=== Begin Enclosure ===
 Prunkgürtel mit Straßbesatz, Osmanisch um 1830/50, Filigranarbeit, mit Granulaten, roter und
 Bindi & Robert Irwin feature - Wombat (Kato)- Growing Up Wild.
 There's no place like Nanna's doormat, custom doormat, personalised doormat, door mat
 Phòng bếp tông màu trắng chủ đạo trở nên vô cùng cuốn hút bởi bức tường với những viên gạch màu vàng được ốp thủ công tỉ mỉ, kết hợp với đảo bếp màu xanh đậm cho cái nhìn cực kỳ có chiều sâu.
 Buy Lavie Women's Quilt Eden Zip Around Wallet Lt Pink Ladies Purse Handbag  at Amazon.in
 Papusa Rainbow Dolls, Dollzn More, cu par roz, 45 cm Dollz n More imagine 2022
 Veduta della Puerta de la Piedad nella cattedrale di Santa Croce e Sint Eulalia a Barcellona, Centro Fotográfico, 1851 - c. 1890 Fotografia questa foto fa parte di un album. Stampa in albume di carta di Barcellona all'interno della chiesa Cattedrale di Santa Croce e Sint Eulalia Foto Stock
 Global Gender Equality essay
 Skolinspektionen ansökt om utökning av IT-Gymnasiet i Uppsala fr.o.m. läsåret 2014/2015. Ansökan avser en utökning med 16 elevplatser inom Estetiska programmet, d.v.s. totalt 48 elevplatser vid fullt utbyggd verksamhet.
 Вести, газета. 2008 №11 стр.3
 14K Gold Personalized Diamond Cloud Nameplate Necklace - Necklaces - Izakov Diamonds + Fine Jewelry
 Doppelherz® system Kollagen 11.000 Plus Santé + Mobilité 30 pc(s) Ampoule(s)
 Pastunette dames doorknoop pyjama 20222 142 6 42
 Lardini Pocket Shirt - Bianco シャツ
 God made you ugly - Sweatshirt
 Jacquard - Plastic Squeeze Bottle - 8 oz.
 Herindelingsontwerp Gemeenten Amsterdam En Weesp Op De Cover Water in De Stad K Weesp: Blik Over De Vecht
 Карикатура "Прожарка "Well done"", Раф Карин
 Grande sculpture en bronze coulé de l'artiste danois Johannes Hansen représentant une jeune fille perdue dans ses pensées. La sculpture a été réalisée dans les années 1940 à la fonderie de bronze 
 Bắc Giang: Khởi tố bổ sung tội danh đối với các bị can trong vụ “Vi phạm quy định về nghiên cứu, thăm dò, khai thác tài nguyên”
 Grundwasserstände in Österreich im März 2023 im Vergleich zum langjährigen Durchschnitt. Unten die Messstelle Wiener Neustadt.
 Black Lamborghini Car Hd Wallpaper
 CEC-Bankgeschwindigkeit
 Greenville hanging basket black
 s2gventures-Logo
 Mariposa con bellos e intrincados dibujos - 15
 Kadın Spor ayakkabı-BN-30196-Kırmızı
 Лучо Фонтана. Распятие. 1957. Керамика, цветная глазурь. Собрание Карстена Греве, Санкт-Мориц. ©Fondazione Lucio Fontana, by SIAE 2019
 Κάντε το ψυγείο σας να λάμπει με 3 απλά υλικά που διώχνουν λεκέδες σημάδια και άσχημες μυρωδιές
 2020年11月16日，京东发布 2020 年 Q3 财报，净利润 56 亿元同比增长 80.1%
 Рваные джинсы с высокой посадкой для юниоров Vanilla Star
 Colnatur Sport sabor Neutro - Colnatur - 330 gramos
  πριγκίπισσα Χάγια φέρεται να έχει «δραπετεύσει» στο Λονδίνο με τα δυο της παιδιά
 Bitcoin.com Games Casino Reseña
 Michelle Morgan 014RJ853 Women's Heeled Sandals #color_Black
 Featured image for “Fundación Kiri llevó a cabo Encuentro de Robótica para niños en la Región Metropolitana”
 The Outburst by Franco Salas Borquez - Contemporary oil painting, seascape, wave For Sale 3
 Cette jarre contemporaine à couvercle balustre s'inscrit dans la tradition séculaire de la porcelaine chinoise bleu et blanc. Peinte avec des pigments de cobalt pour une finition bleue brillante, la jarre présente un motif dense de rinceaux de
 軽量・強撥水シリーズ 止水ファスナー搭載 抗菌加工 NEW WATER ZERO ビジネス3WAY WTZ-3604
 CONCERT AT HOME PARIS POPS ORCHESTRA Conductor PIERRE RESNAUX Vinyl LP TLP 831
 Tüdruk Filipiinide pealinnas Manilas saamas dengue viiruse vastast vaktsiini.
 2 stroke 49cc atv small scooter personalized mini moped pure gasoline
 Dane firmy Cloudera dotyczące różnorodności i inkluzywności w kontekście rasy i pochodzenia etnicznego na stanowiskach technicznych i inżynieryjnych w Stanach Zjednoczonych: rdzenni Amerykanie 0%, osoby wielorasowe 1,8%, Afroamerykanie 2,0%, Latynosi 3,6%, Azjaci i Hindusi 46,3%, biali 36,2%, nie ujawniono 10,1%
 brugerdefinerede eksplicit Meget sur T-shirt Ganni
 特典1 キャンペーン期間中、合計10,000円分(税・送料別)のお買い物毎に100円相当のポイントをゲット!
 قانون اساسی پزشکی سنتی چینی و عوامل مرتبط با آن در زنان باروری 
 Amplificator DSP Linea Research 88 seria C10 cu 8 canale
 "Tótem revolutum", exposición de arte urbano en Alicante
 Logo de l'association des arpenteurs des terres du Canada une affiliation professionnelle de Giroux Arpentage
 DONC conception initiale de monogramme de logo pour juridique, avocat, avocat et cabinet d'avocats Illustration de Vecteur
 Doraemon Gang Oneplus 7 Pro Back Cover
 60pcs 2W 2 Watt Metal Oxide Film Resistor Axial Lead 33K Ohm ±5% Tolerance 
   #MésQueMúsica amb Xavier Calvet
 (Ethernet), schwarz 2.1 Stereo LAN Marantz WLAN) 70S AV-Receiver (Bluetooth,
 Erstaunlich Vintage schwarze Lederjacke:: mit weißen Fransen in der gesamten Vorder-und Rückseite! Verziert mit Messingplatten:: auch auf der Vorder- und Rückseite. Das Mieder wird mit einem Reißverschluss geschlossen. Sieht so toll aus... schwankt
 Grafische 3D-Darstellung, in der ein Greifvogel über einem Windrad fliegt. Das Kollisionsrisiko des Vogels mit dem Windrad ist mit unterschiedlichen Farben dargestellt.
=== End Enclosure ===
Output each record exactly, leaving nothing out.

 Prunkgürtel mit Straßbesatz, Osmanisch um 1830/50, Filigranarbeit, mit Granulaten, roter und
 Bindi & Robert Irwin feature - Wombat (Kato)- Growing Up Wild.
 There's no place like Nanna's doormat, custom doormat, personalised doormat, door mat
 Phòng bếp tông màu trắng chủ đạo trở nên vô cùng cuốn hút bởi bức tường với những viên gạch màu vàng được ốp thủ công tỉ mỉ, kết hợp với đảo bếp màu xanh đậm cho cái nhìn cực kỳ có chiều sâu.
 Buy Lavie Women's Quilt Eden Zip Around Wallet Lt Pink Ladies Purse Handbag  at Amazon.in
 Papusa Rainbow Dolls, Dollzn More, cu par roz, 45 cm Dollz n More imagine 2022
 Veduta della Puerta de la Piedad nella cattedrale di Santa Croce e Sint Eulalia a Barcellona, Centro Fotográfico, 1851 - c. 1890 Fotografia questa foto fa parte di un album. Stampa in albume di carta di Barcellona all'interno della chiesa Cattedrale di Santa Croce e Sint Eulalia Foto Stock
 Global Gender Equality essay
 Skolinspektionen ansökt om utökning av IT-Gymnasiet i Uppsala fr.o.m. läsåret 2014/2015. Ansökan avser en utökning med 16 elevplatser inom Estetiska programmet, d.v.s. totalt 48 elevplatser vid fullt utbyggd verksamhet.
 Вести, газета. 2008 №11 стр.3
 14K Gold Personalized Diamond Cloud Nameplate Necklace - Necklaces - Izakov Diamonds + Fine Jewelry
 Doppelherz® system Kollagen 11.000 Plus Santé + Mobilité 30 pc(s) Ampoule(s)
 Pastunette dames doorknoop pyjama 20222 142 6 42
 Lardini Pocket Shirt - Bianco シャツ
 God made you ugly - Sweatshirt
 Jacquard - Plastic Squeeze Bottle - 8 oz.
 Herindelingsontwerp Gemeenten Amsterdam En Weesp Op De Cover Water in De Stad K Weesp: Blik Over De Vecht
 Карикатура "Прожарка "Well done"", Раф Карин
 Grande sculpture en bronze coulé de l'artiste danois Johannes Hansen représentant une jeune fille perdue dans ses pensées. La sculpture a été réalisée dans les années 1940 à la fonderie de bronze 
 Bắc Giang: Khởi tố bổ sung tội danh đối với các bị can trong vụ “Vi phạm quy định về nghiên cứu, thăm dò, khai thác tài nguyên”
 Grundwasserstände in Österreich im März 2023 im Vergleich zum langjährigen Durchschnitt. Unten die Messstelle Wiener Neustadt.
 Black Lamborghini Car Hd Wallpaper
 CEC-Bankgeschwindigkeit
 Greenville hanging basket black
 s2gventures-Logo
 Mariposa con bellos e intrincados dibujos - 15
 Kadın Spor ayakkabı-BN-30196-Kırmızı
 Лучо Фонтана. Распятие. 1957. Керамика, цветная глазурь. Собрание Карстена Греве, Санкт-Мориц. ©Fondazione Lucio Fontana, by SIAE 2019
 Κάντε το ψυγείο σας να λάμπει με 3 απλά υλικά που διώχνουν λεκέδες σημάδια και άσχημες μυρωδιές
 2020年11月16日，京东发布 2020 年 Q3 财报，净利润 56 亿元同比增长 80.1%
 Рваные джинсы с высокой посадкой для юниоров Vanilla Star
 Colnatur Sport sabor Neutro - Colnatur - 330 gramos
  πριγκίπισσα Χάγια φέρεται να έχει «δραπετεύσει» στο Λονδίνο με τα δυο της παιδιά
 Bitcoin.com Games Casino Reseña
 Michelle Morgan 014RJ853 Women's Heeled Sandals #color_Black
 Featured image for “Fundación Kiri llevó a cabo Encuentro de Robótica para niños en la Región Metropolitana”
 The Outburst by Franco Salas Borquez - Contemporary oil painting, seascape, wave For Sale 3
 Cette jarre contemporaine à couvercle balustre s'inscrit dans la tradition séculaire de la porcelaine chinoise bleu et blanc. Peinte avec des pigments de cobalt pour une finition bleue brillante, la jarre présente un motif dense de rinceaux de
 軽量・強撥水シリーズ 止水ファスナー搭載 抗菌加工 NEW WATER ZERO ビジネス3WAY WTZ-3604
 CONCERT AT HOME PARIS POPS ORCHESTRA Conductor PIERRE RESNAUX Vinyl LP TLP 831
 Tüdruk Filipiinide pealinnas Manilas saamas dengue viiruse vastast vaktsiini.
 2 stroke 49cc atv small scooter personalized mini moped pure gasoline
 Dane firmy Cloudera dotyczące różnorodności i inkluzywności w kontekście rasy i pochodzenia etnicznego na stanowiskach technicznych i inżynieryjnych w Stanach Zjednoczonych: rdzenni Amerykanie 0%, osoby wielorasowe 1,8%, Afroamerykanie 2,0%, Latynosi 3,6%, Azjaci i Hindusi 46,3%, biali 36,2%, nie ujawniono 10,1%
 brugerdefinerede eksplicit Meget sur T-shirt Ganni
 特典1 キャンペーン期間中、合計10,000円分(税・送料別)のお買い物毎に100円相当のポイントをゲット!
 قانون اساسی پزشکی سنتی چینی و عوامل مرتبط با آن در زنان باروری 
 Amplificator DSP Linea Research 88 seria C10 cu 8 canale
 "Tótem revolutum", exposición de arte urbano en Alicante
 Logo de l'association des arpenteurs des terres du Canada une affiliation professionnelle de Giroux Arpentage
 DONC conception initiale de monogramme de logo pour juridique, avocat, avocat et cabinet d'avocats Illustration de Vecteur
 Doraemon Gang Oneplus 7 Pro Back Cover
 60pcs 2W 2 Watt Metal Oxide Film Resistor Axial Lead 33K Ohm ±5% Tolerance 
   #MésQueMúsica amb Xavier Calvet
 (Ethernet), schwarz 2.1 Stereo LAN Marantz WLAN) 70S AV-Receiver (Bluetooth,
 Erstaunlich Vintage schwarze Lederjacke:: mit weißen Fransen in der gesamten Vorder-und Rückseite! Verziert mit Messingplatten:: auch auf der Vorder- und Rückseite. Das Mieder wird mit einem Reißverschluss geschlossen. Sieht so toll aus... schwankt
 Grafische 3D-Darstellung, in der ein Greifvogel über einem Windrad fliegt. Das Kollisionsrisiko des Vogels mit dem Windrad ist mit unterschiedlichen Farben dargestellt.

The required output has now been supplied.